■ EXERCISE INSTRUCTIONS
Leaving out the pictures, retype exactly the lines from the one holding "PETRONAS SYNTIUM 7000" through the end of the material.

Segment Open

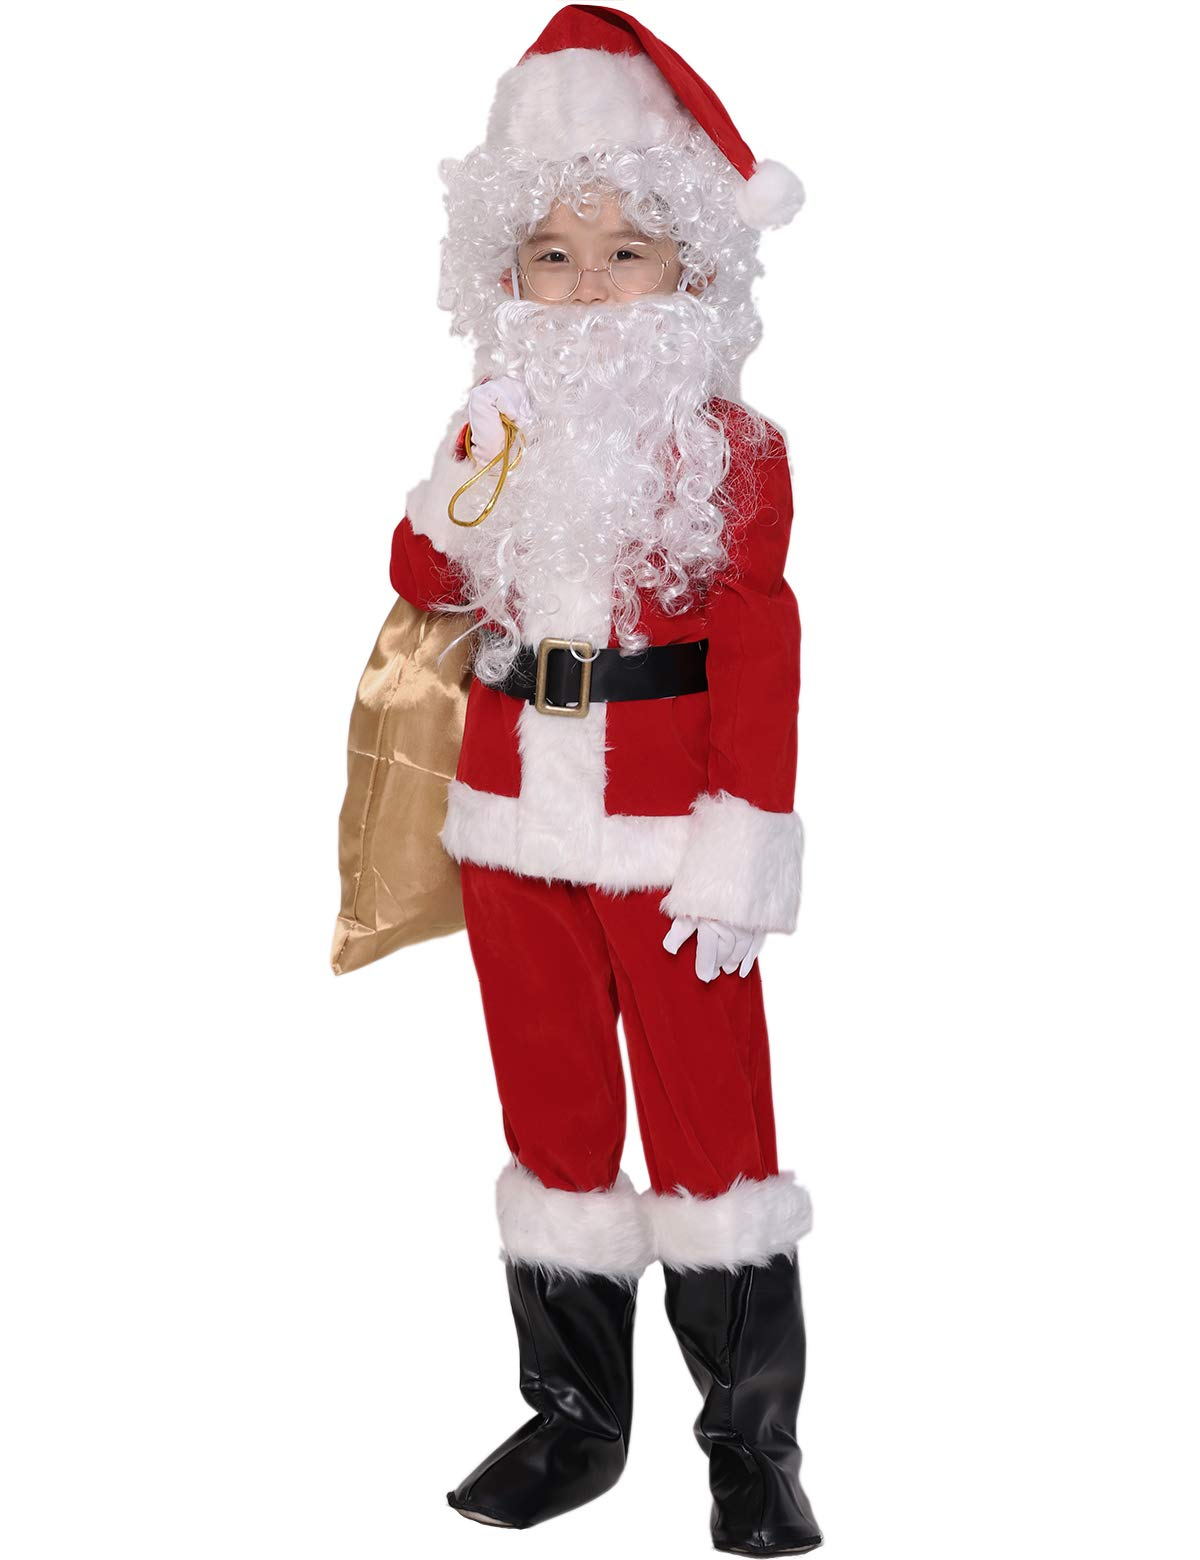 ADOMI Children's Deluxe Santa Suit 10pc. Christmas Child Santa Claus Kids Halloween Costume Cosplay L
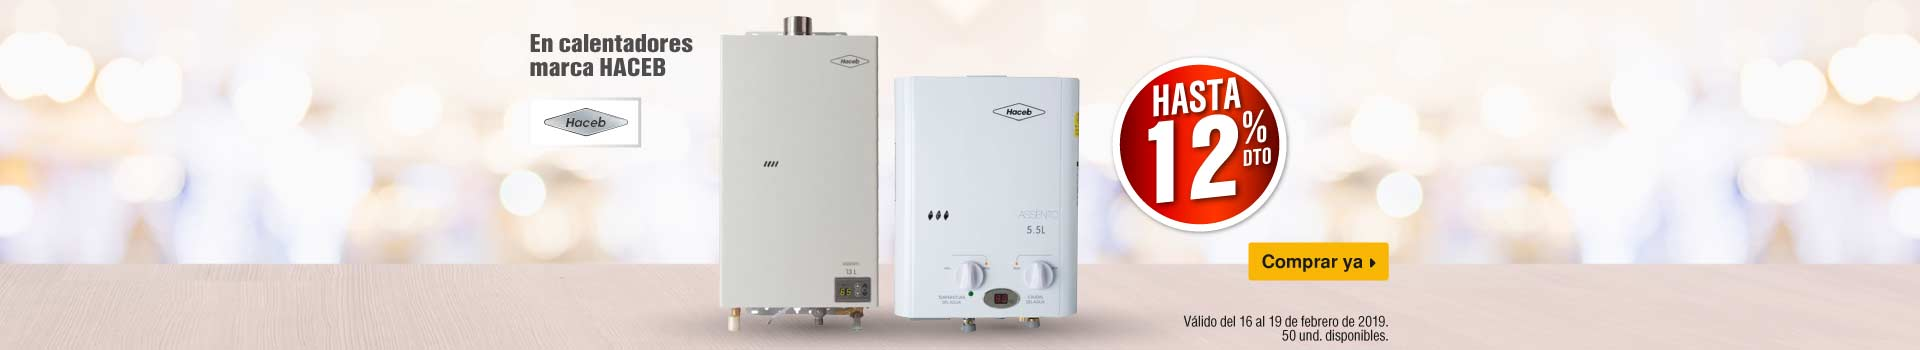 AK-KT-mayores-1-ELECT-BCAT-calentadores-150219
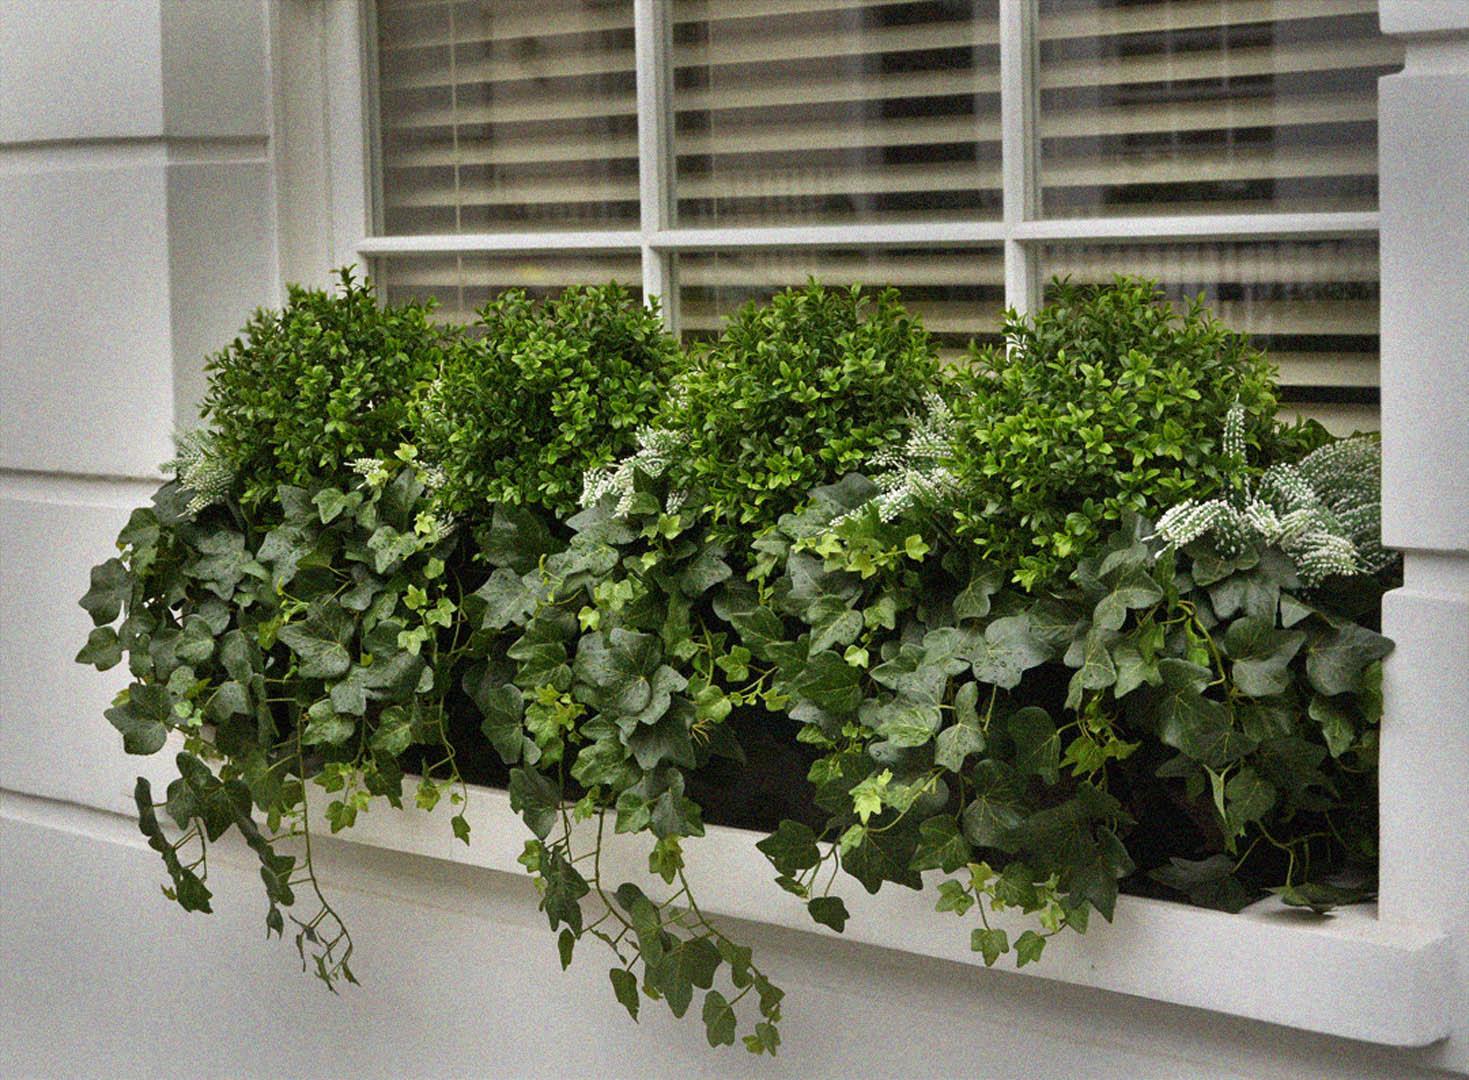 482 fake landscapes custom 110cm ivy, boxwood and erica window box 1080DEF
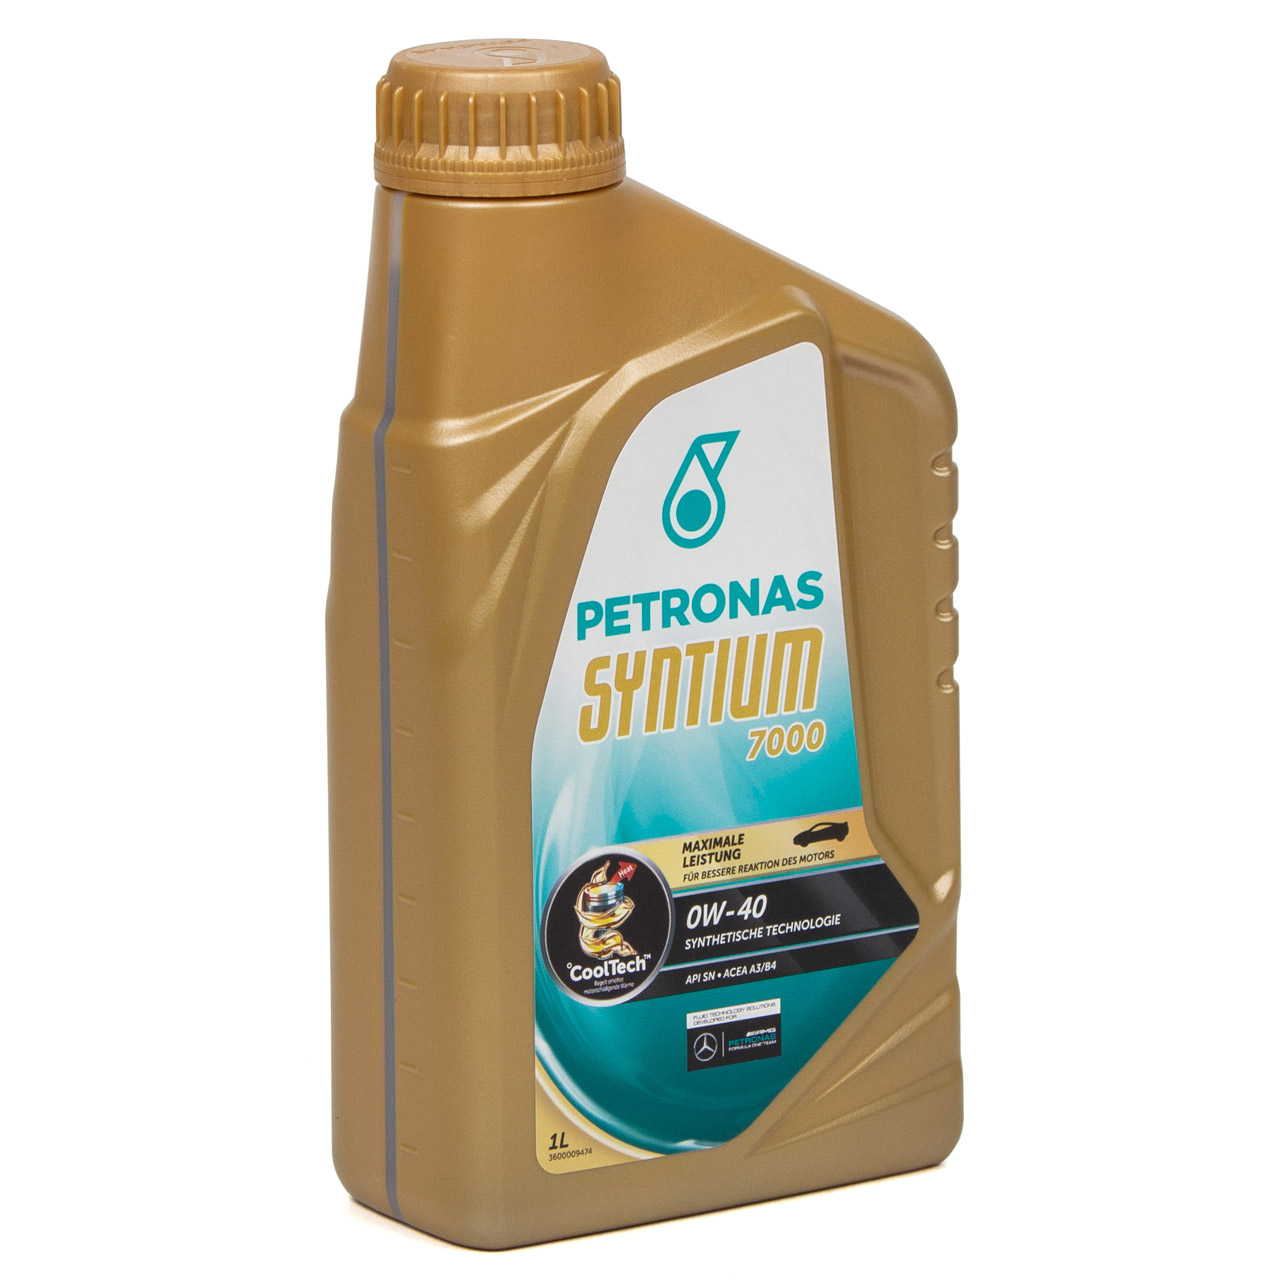 PETRONAS SYNTIUM 7000 Motoröl Öl 0W-40 0W40 MB 229.5 VW 502/505.00 - 1L 1 Liter
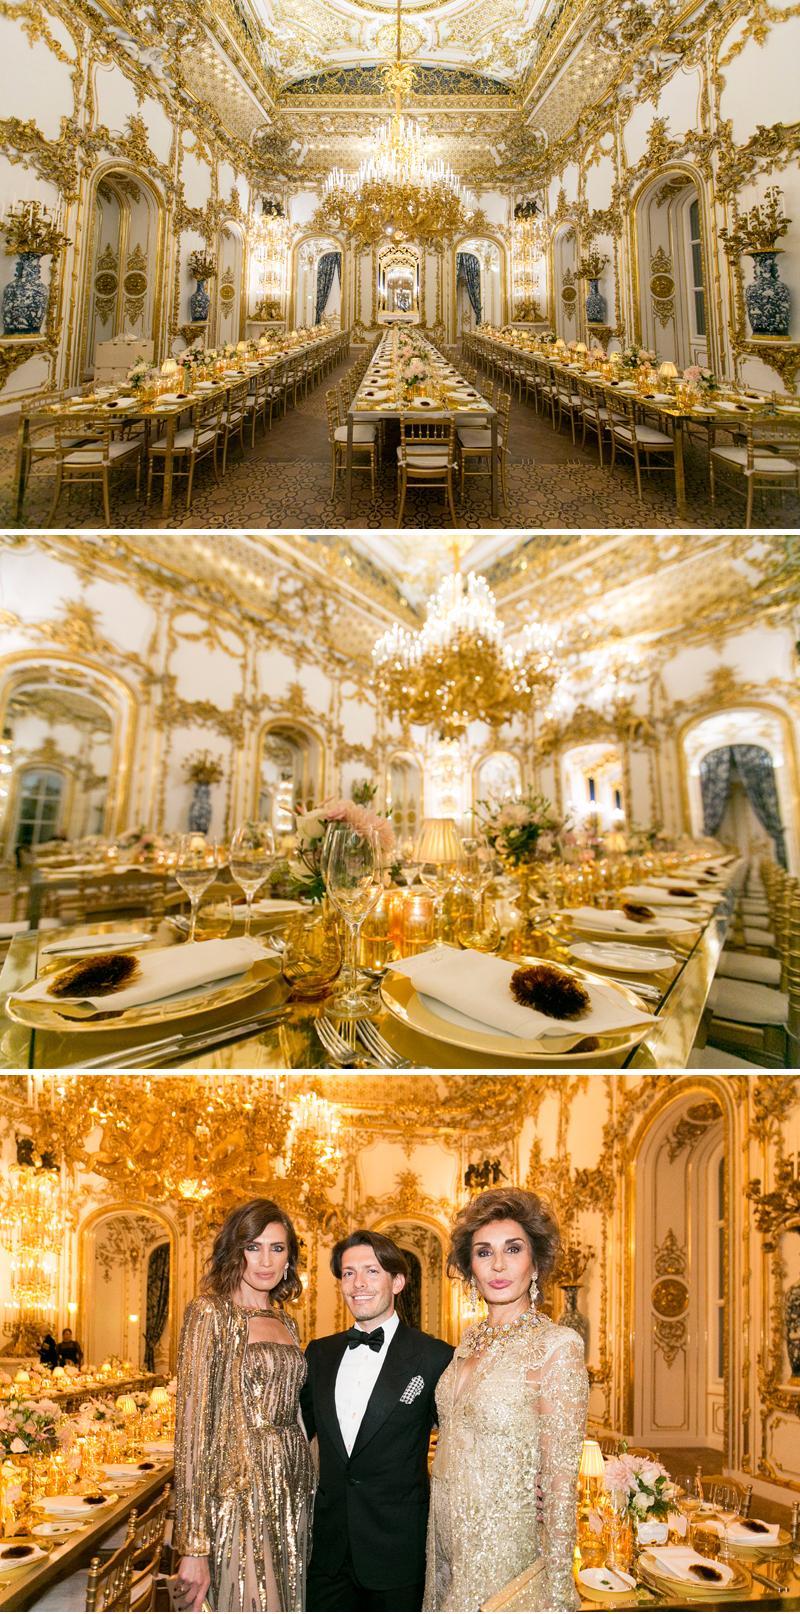 Aquazzura, Aquazzura X Mytheresa.com, Vienna, Woman in Gold, Liechtenstein Palace, Gold Wedding Decor Inspiration, Perfect Wedding Magazine, Perfect Wedding Blog

Segment Closed

■ SOLVED PROBLEM
 PETRONAS SYNTIUM 7000 Motoröl Öl 0W-40 0W40 MB 229.5 VW 502/505.00 - 1L 1 Liter
 Aquazzura, Aquazzura X Mytheresa.com, Vienna, Woman in Gold, Liechtenstein Palace, Gold Wedding Decor Inspiration, Perfect Wedding Magazine, Perfect Wedding Blog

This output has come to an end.